Since the launch of Windows Phone 7 operating system last year, Microsoft has been trying to catch up to Apple and Google in the mobile-apps race. And the software giant took to its blog yesterday to share its progress.
Microsofts says that there are now 11,500 applications available in its Windows Marketplace store. Out of that, 7,500 applications are paid, while 1,110 apps are generating revenue through ads, thanks to the company's Microsoft Advertising Ad Control service. On average, Microsoft says, users are downloading 12 apps each month.
The size of Microsoft's mobile marketplace still pales in comparison to Apple's App Store. According to the Apple app page on the company's Web site, there are now over 350,000 available applications to its customers. In January, Apple announced that 10 billion apps had been downloaded from its store since its launch in 2008.

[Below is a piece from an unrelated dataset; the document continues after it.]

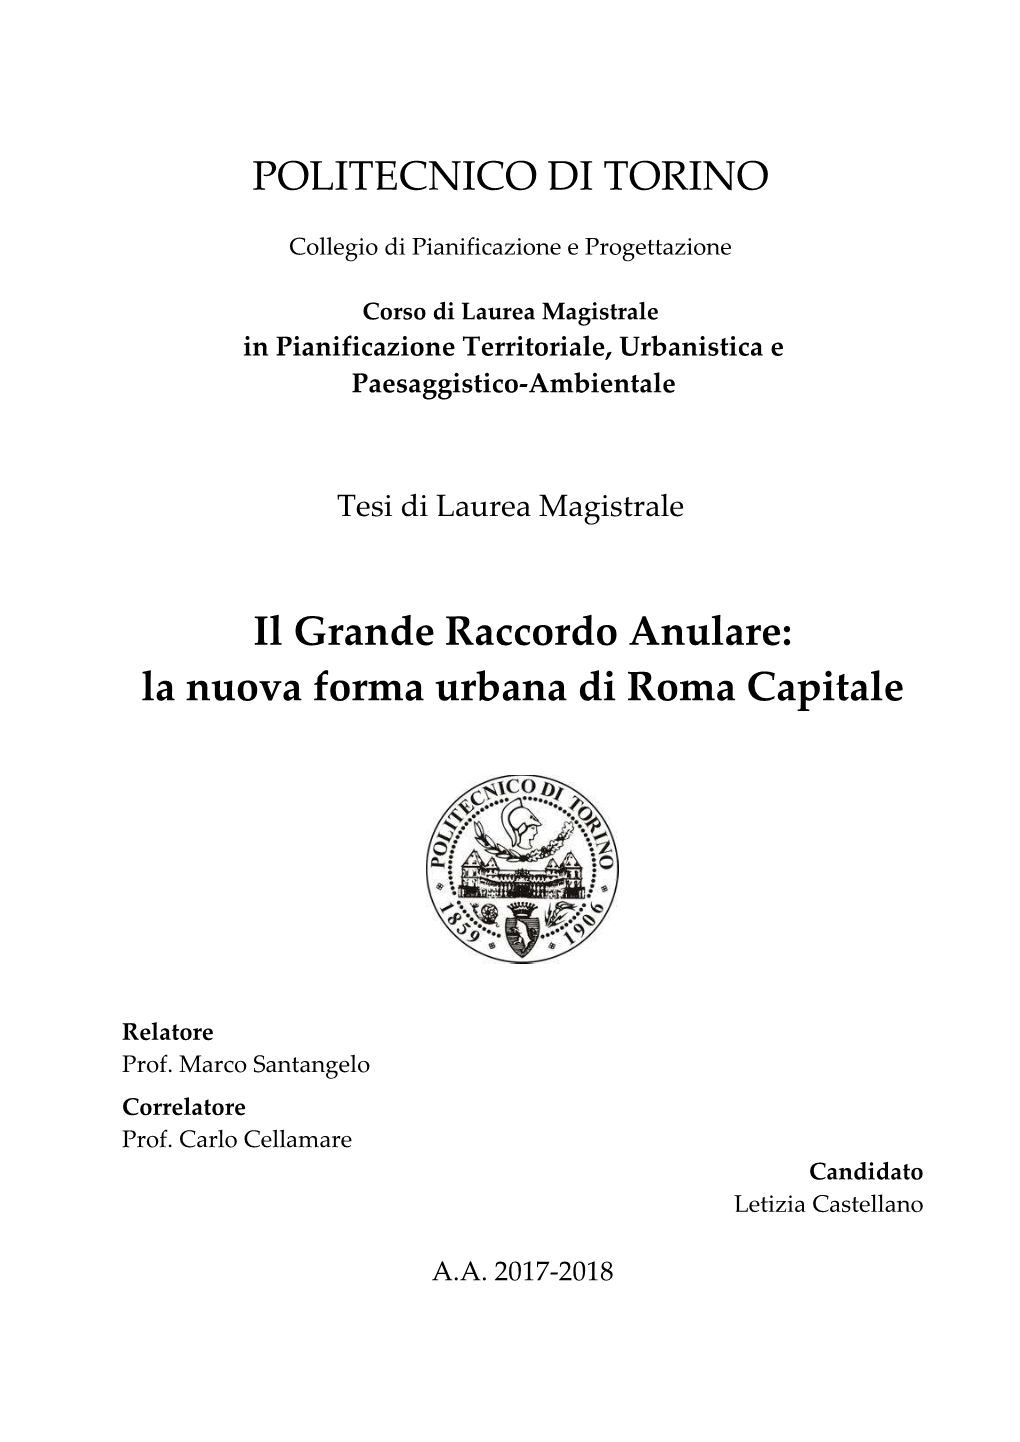 Il Grande Raccordo Anulare: La Nuova Forma Urbana Di Roma Capitale
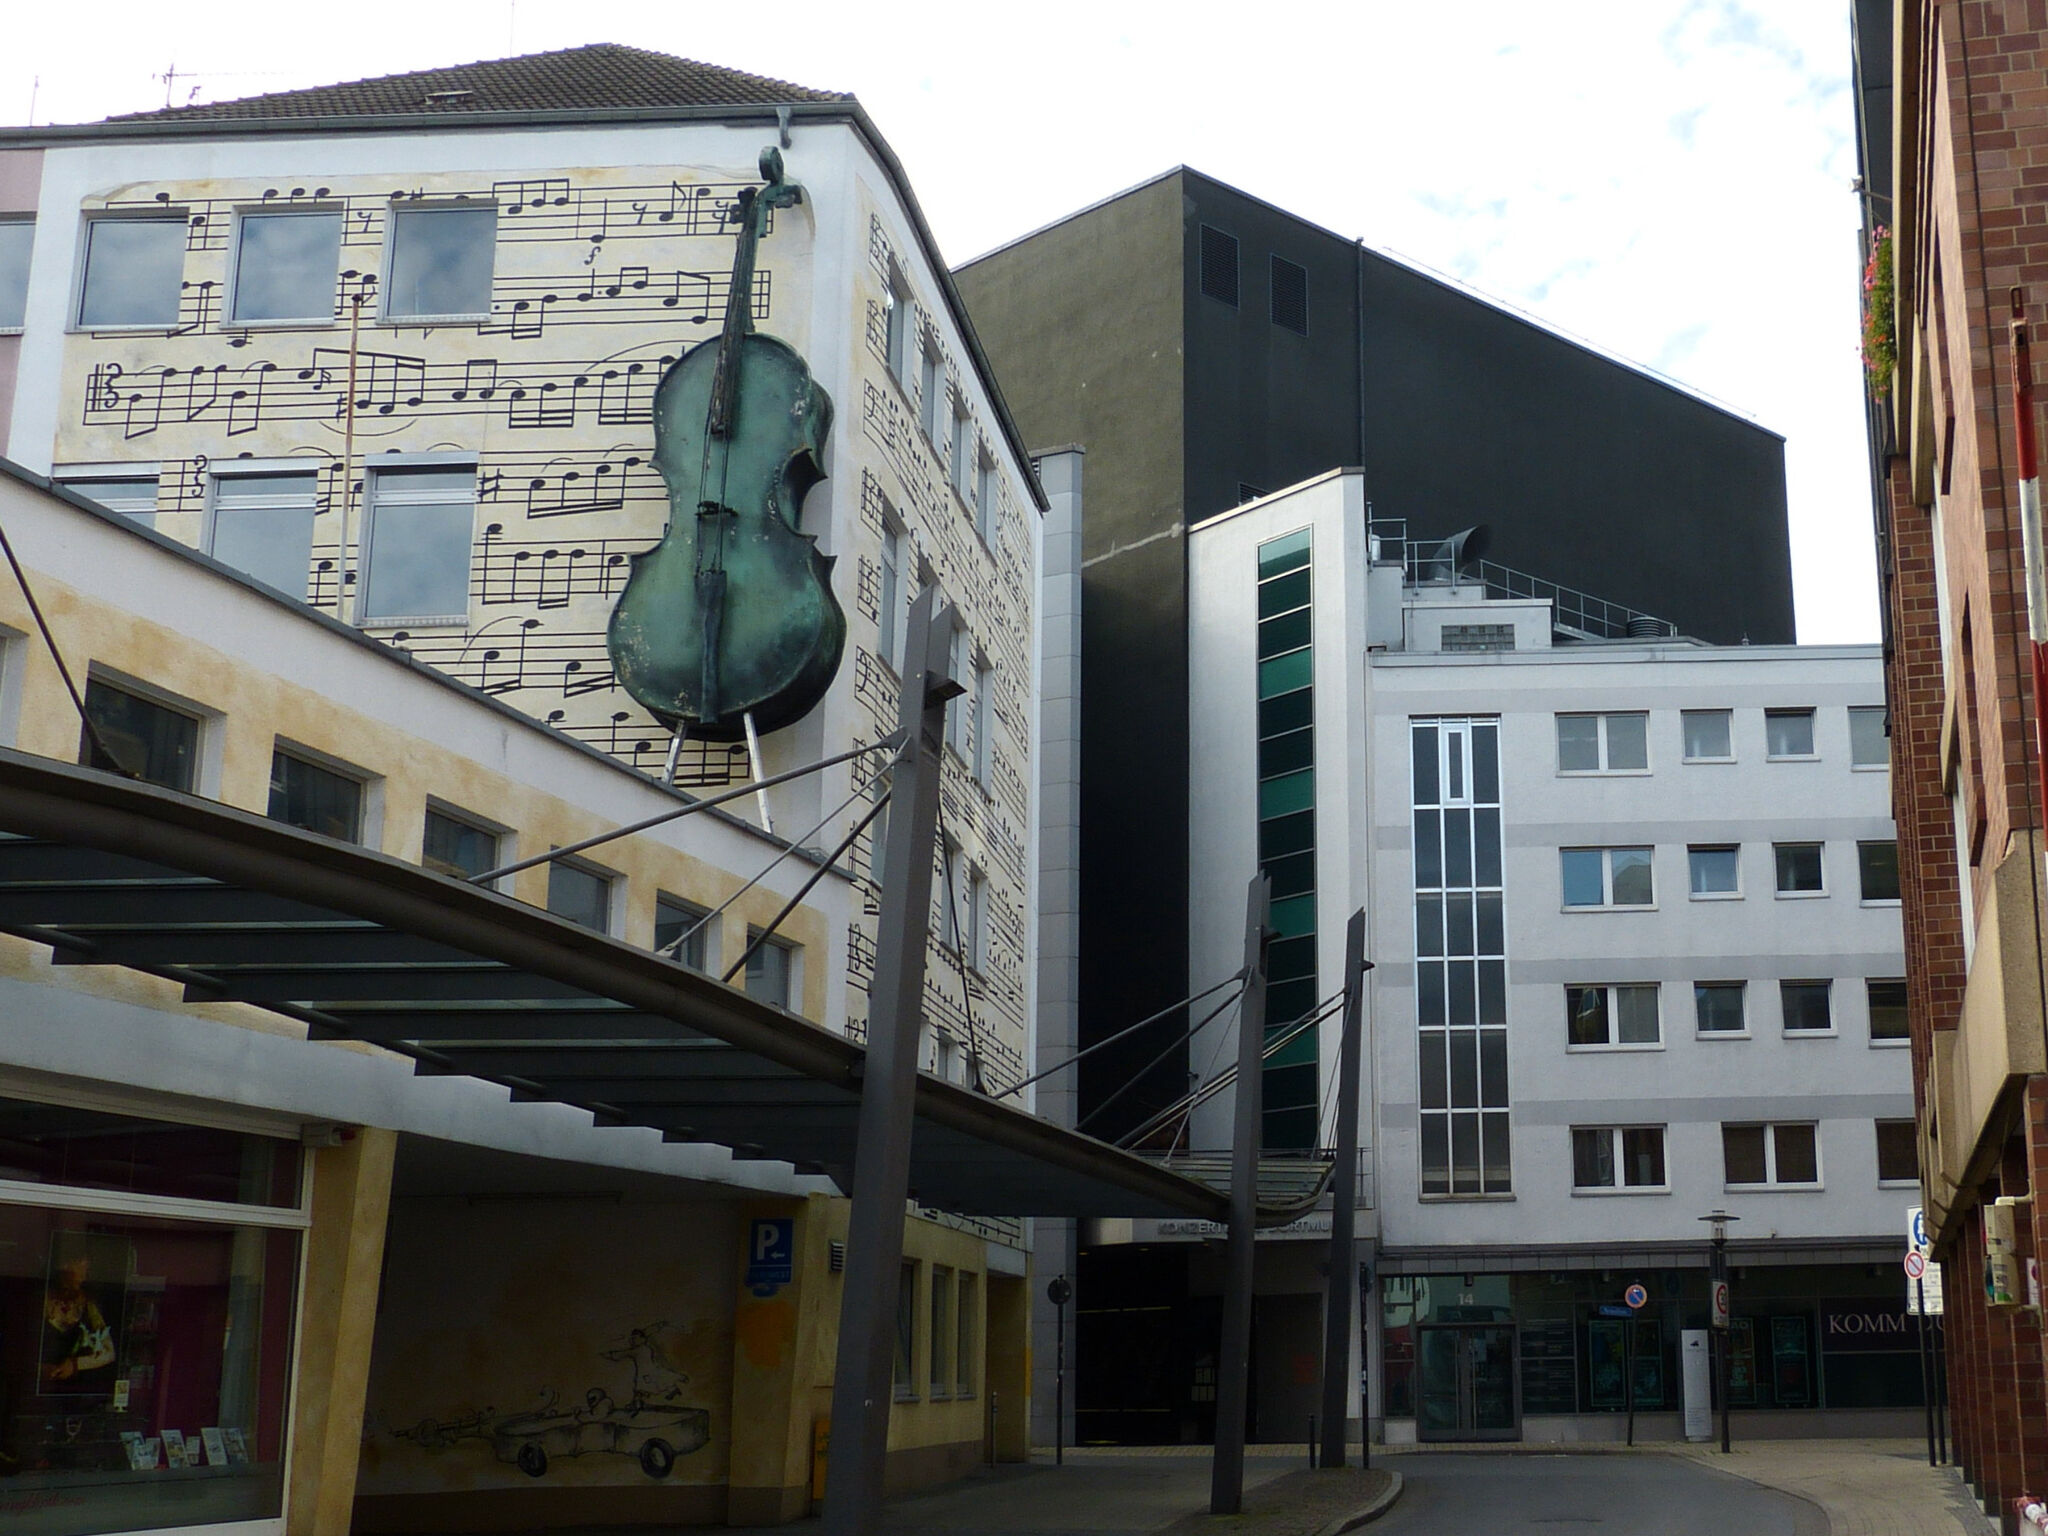 artist unknown&mdash;Concert Hall Dortmund

It's a similar story on the Android side. A Google spokesperson told CNET in an e-mail today that the Android Market has "more than 150,000 apps available in the Android Market."
Though that's still much lower than Apple's App Store, the Android Market might soon enough overtake Apple's option as the world's largest application marketplace. Earlier this year, Kevin Mahaffey, the CTO of mobile security firm, told CNET in an interview that given Android's growth, it should surpass the App Store by the middle of next year. Between August and February alone, the number of Android Market apps available to U.S. users alone increased by 127 percent, according to Lookout.
Microsoft isn't too concerned about the number of apps available in its marketplace. The company's Brandon Watson said in the blog post that for Microsoft, it's a matter of "quality over quantity." Its app tally does not include "lite apps," and it doesn't "double and triple count apps which are submitted in multiple languages."
More than anything, Watson said in his post, Microsoft is "dedicated to evolving the platform to enable more developers to create amazing apps' more possibilities, more functionality, more customers and more markets."
So far, there are 36,000 developers creating apps for Windows Phone 7. Out of all the registered developers, 40 percent have actually brought a program to Microsoft's mobile platform.
Market researcher IDC expects Microsoft's Windows Phone 7/Windows Mobile operating systems to account for 5.5 percent of smartphone shipments this year, well behind Android, Apple's iOS, BlackBerry, and Symbian. But by 2015, IDC forecasts, Microsoft's share will jump to about 20 percent.